Even after six months of horrifying news from Myanmar, it is an incident that’s shocked the country – five people who chose to jump from a building they were hiding in, some to their deaths, rather than face arrest.
By Jonathan Head
South East Asia correspondent
The police have condemned the group as terrorists, but the husband of one victim tells the BBC she was a compassionate wife and mother who felt she was working to alleviate the people’s suffering.
This is the tale of her untimely death.
It was on Tuesday afternoon that eight young activists found themselves trapped by a police raid.
The military had seized power months earlier in February, throwing the country into turmoil as millions protested against the coup.
At least 900 people have been killed by the military’s violent response, and thousands more arrested.
She was one of the five who jumped off a commercial building in downtown Yangon as the police charged in, falling onto a concrete pavement. She and at least one other person died at the scene.
The other three have been taken to a military-run hospital.
In the first photograph of Wai Wai Myint that began circulating on social media after news of her death, she stands ramrod straight, looking defiantly at the camera. Her fingers are raised in the three-finger Hunger Games salute that has become the trademark gesture used by young dissidents in South East Asia.
The military authorities have described the group she was with as terrorists who were planning to plant bombs.
They have published confessions by two of the activists who did not jump and were arrested there, and photographs of what they say were ingredients for explosives.
He had to say goodbye to Apple, as he calls her, at a military-organised mass cremation for her and four other people, including the young man who died with her when they jumped.
No photographs were allowed, and the families were not permitted to take away the ashes.
The military junta in Myanmar has been trying to restrict the funerals of those killed in the uprising against the coup, as they often turn into anti-military demonstrations – sometimes cremating bodies in secret rather than returning them to their relatives.
Soe Myat Thu held up a flower for her, and took that back home in place of her remains.
They were a comfortably middle-class couple, both ethnic Chinese, with a six year-old daughter.

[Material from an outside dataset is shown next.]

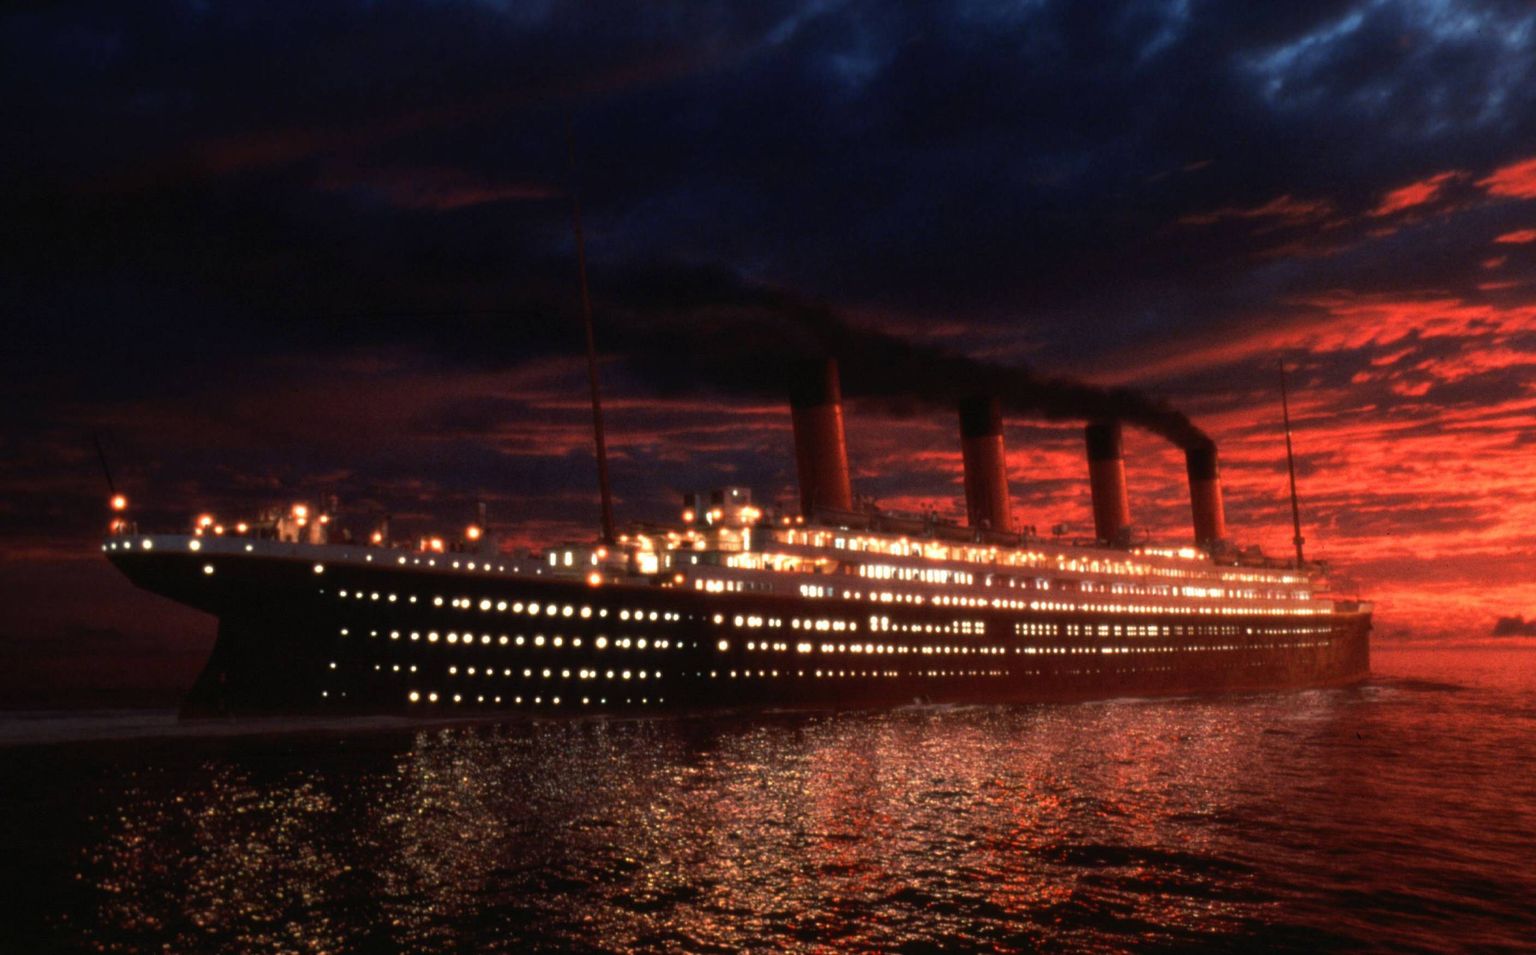 Копия знаменитого судна «Титаник», разработанная компанией Blue Star и получившая название «Титаник II», совершит свой первый рейс в 2022 году.

Soe Myat Thu is a dentist, and Wai Wai Myint was a gems and jewellery trader.
Photographs of her show a well made-up young woman posing in stylish clothes.
She liked going out clubbing with girlfriends, he says, but had a strong social conscience, regularly donating money to poorer neighbours or to animal welfare groups.

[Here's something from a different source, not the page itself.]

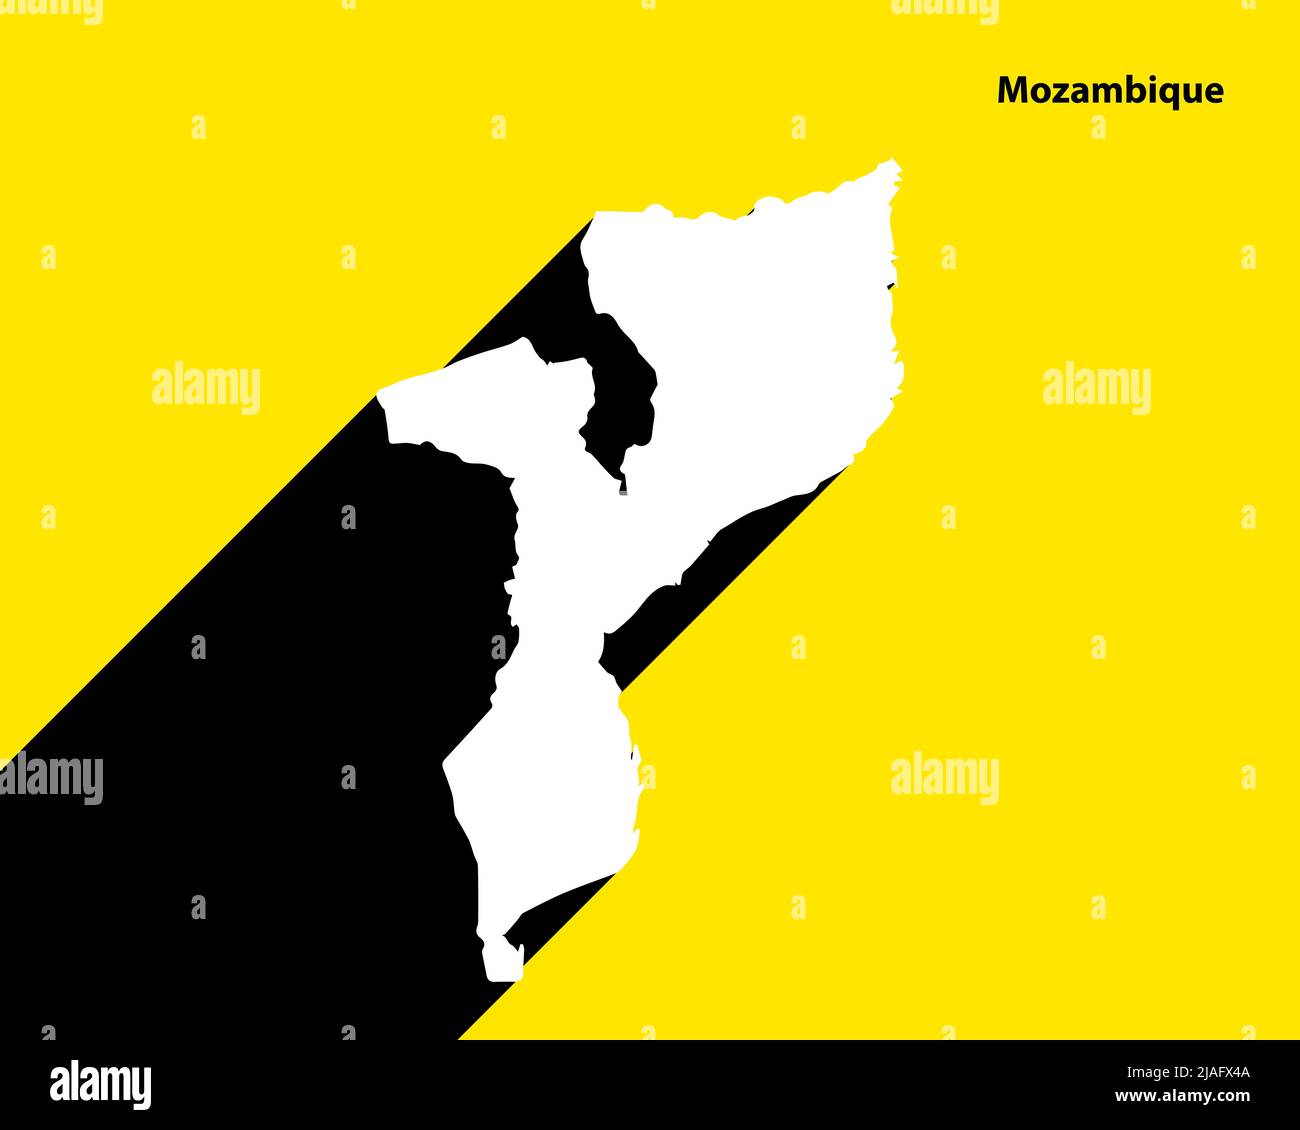 Mappa del Mozambico su poster retrò con lunga ombra. Segno vintage facile da modificare, manipolare, ridimensionare o colorare. Illustrazione Vettoriale

He said the couple had not been interested in politics at all, with Wai Wai Myint even saying that they should stay away because it could be dangerous.
When the coup happened, she did not react much at first.
But she was kind-hearted, he says, and became upset when the first protester to die, a young woman called Mya Thwe Thwe Khaing, was fatally shot in the capital Nyapyitaw a week after the coup. Her death was widely mourned and triggered further anger against authorities.
Wai Wai Myint donated money to Mya Thwe Thwe Khaing’s family, and began posting on her Facebook page about other victims of the increasingly violent military response to the civil disobedience movement.
He said the couple both knew they could not change things themselves, but when she saw people being shot by the military she became more outspoken in her comments. He describes her as a bold character who was more ready to take risks than he was.
Soe Myat Thu says she was arrested once during a protest, and he had to negotiate to get her out of custody.
She was very angry about that, he remembers, because of the way she had been kicked and beaten.
He had then warned her not to go to any more protests, reminding her that she had a daughter to care for.
After that, he believed that his wife was no longer involved with the opposition. It has evolved from a non-violent protest movement in the weeks after the coup to an underground resistance which today uses handmade guns and bombs, and is believed to be behind the assassination of officials who co-operate with the military.
He says he knew the other activists who were caught with Wai Wai Myint, in the building where they were staying on 44th Street in downtown Yangon, not far from their home.
They were all members of the Pzundaung Botahtaung Young Strike Committee, one of many groups formed in Yangon in the first days after the coup to resist it.
She used to hang out with them, he says, and sometimes brought them to their house to eat and use their internet.
“I admired and felt sorry for them as they were prepared to go out and face danger when I would not,” he said.
But he had no idea she was going to join them in their hideout on Tuesday; she had only told him that she was going out for a little while, and left the house without changing her clothes and putting on make-up, as she usually did.
It is not clear what Wai Wai Myint’s role was in the group, or whether she was even a member. It was possible that she was only paying the rent and offering other kinds of material support.
Activists opposing the coup in Myanmar have to keep moving from place to place to avoid arrest.
Soe Myint Thu believes it was what she felt about the suffering of the people, and her determination not to accept the military junta, that eventually drove her to her fate.